The Davos kickoff, for example, seems like a sideshow to the congressional hearings examining U.S. Treasury Secretary Tim Geithner's role in bailing out insurance giant AIG (AIG). The contentious hearings -- some in Congress are challenging everything from Geithner's integrity to his intellect -- will be instrumental in shaping public perception as controversial new proposals to regulate banking get advanced by the Obama administration.

And Geithner's showdown with the House committee sets the stage for the State of the Union speech on Wednesday night, where investors will be listening eagerly for President Obama to lay out a plan for creating jobs as high unemployment continues to batter the U.S. economy.

Gurus Fear Political Waves May Swamp Recovery

In the wake of the Democrats' surprise beating in Massachusetts, where the Senate seat held for almost five decades by liberal stalwart Ted Kennedy fell into Republican hands, President Obama has introduced a new plan for a partial government spending freeze. Many on the left, including widely respected economist Paul Krugman, see the move as hastily assembled political damage control that threatens to undermine the economic recovery by dampening already weak demand.

Indeed, the shifting political winds seem to be on the top of the mind of Davos participants. Billionaire investor George Soros told the convention that undue concerns about government debt loads -- and a premature pullback in the stimulus spending that governments around the world have enacted -- would plunge to global economy into another recession.

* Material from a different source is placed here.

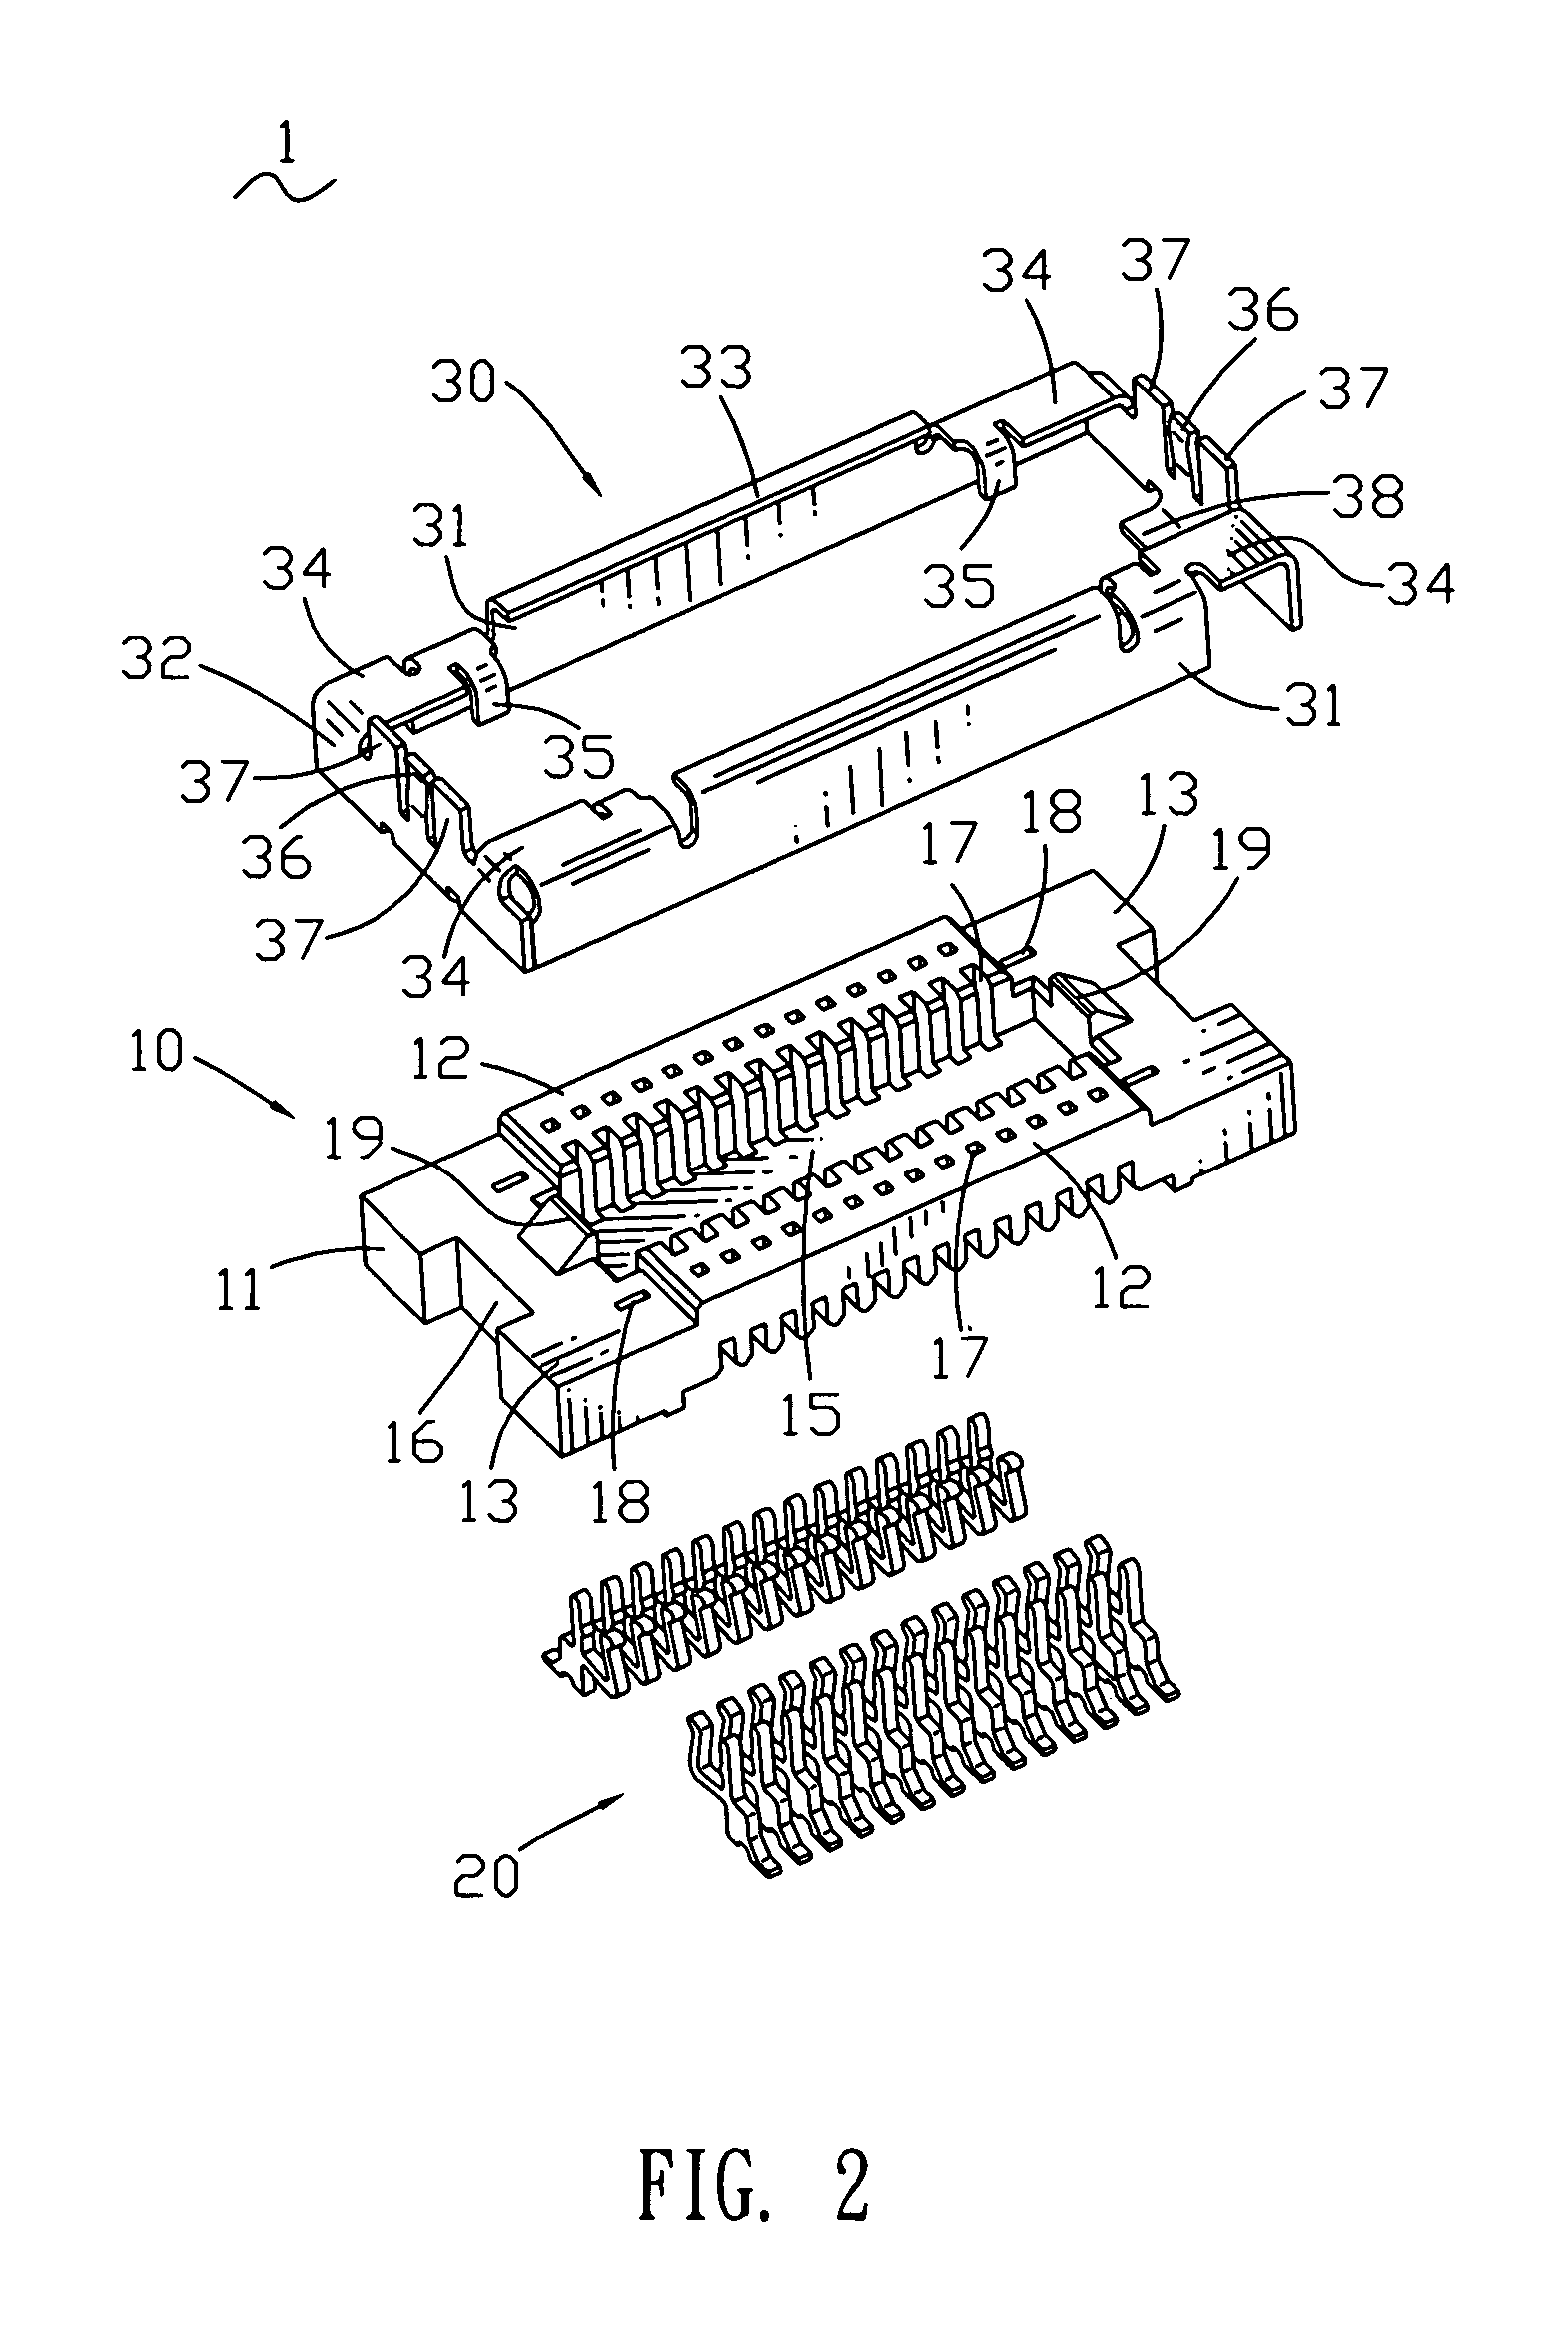 Board-to-board connector assembly with EMI shielding shields

But some governments may not have as much choice in the matter as they would like. Chinese officials have hustled through a series of moves to rein in credit as economic growth in that nation surges toward double digits. Property values have ballooned in China following a massive surge in state-sanctioned bank lending as the country attempted to use lending to provide a substitute for collapsing export demand.

Credit rating agencies, meanwhile, are getting more bearish on Japan's huge debt burden as that country faces the unpleasant prospect of continuing economic malaise.

As for the masters of the universe assembled in Davos, they will be treated to lectures from the likes of Nobel laureate economist Joseph Stiglitz that hammer at their inflated senses of self-worth. Rather than being innovators and clever deal-makers, those responsible for devising esoteric financial instruments actually created "negative value" while collecting their fat paychecks, Stiglitz plans to inform them.

For once, the Davos crowd may actually envy those of their peers who aren't in attendance.